Not only will this slow down pytest collection, but it will also impact the startup speed of any applications or scripts that transitively depend on stripe.

Unless you've carefully architected your application, you might find that a lot of code paths are impacted.

Solutions

Lazy Imports 🥱

One solution here to lazily defer this import so that it happens at runtime. E.g:

STRIPE = None


def _stripe():
    global STRIPE
    if STRIPE is None:
        import stripe

        return stripe
    return STRIPE

Any code that needs to use the stripe namespace can instead do:

def create_product():
    # Trigger the import
    stripe_client = _stripe()

    starter_subscription = stripe_client.Product.create(
      name="Starter Subscription",
      description="$12/Month subscription",
      api_key=API_KEY
    )

The trade-off here is that we've traded the upfront penalty of loading this library ahead of time to incucring the cost at runtime.
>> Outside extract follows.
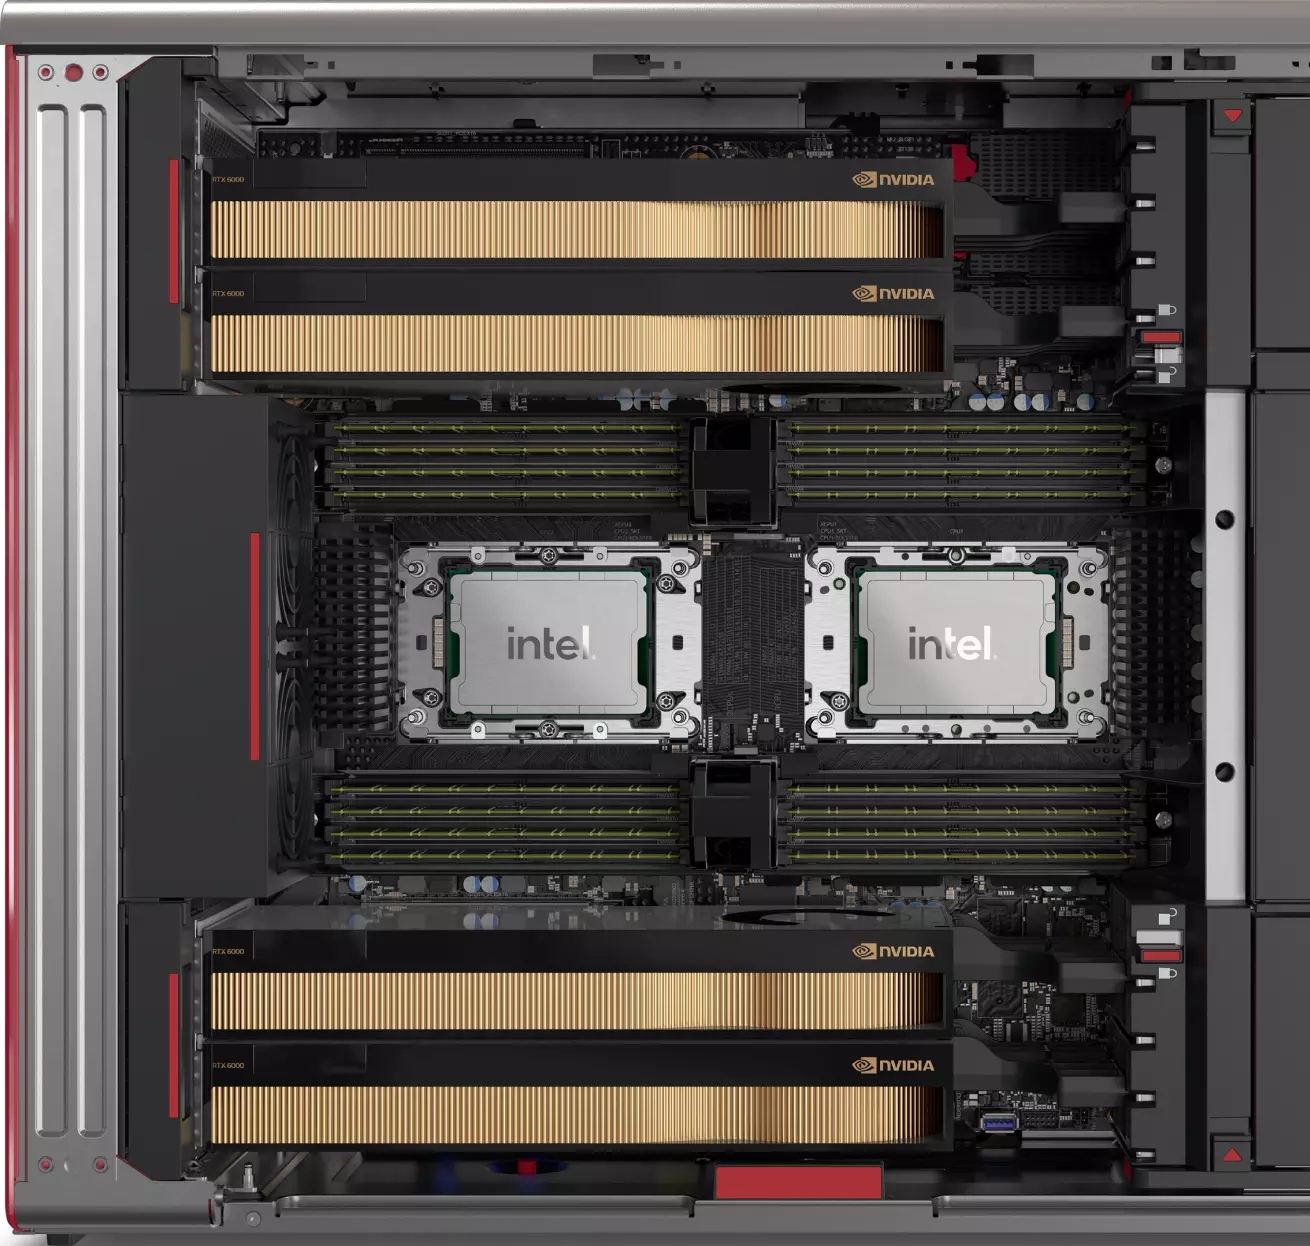 Szczegóły wnętrza Lenovo Workstation PX, przedstawiające dwa procesory, gniazda pamięci i miejsce na cztery karty graficzne

So our app might start faster, and tests might be collected faster, but any test or request that makes a call to the create_product() function will still incur the 700ms overhead of importing the stripe module.


Roll your own 🧵

It might be worth considering whether you really need to be importing this entire library in the first place.

In the case of stripe, if you're only using a subset of functionality, it might be trivial to instead call their REST API directly, and come up with your own wrapper/bindings.

Conclusion

I knew Pythons import system was slow, and I knew third party modules are often pretty bloated. But I was pretty shocked to see just how slow things could get.

At my $WORK stripe isn't the only culprit, there's many other big name offenders.

Typically you'll encounter a problem (I need to interact with a payment provider), pull in a library and go about your day.

On the face of it the library appears to be completely harmless. You'll probably not notice any tangible difference in start-up time before/after.

One day you'll realise your app is slow as molasses because you've got x10 third party modules all with their own associated overhead.

I guess the takeaway (obvious in hindsight) is that everything you import has a cost. In the future I'll think twice before pulling in a dependency or not, and consider whether it's really worth the tradeoff.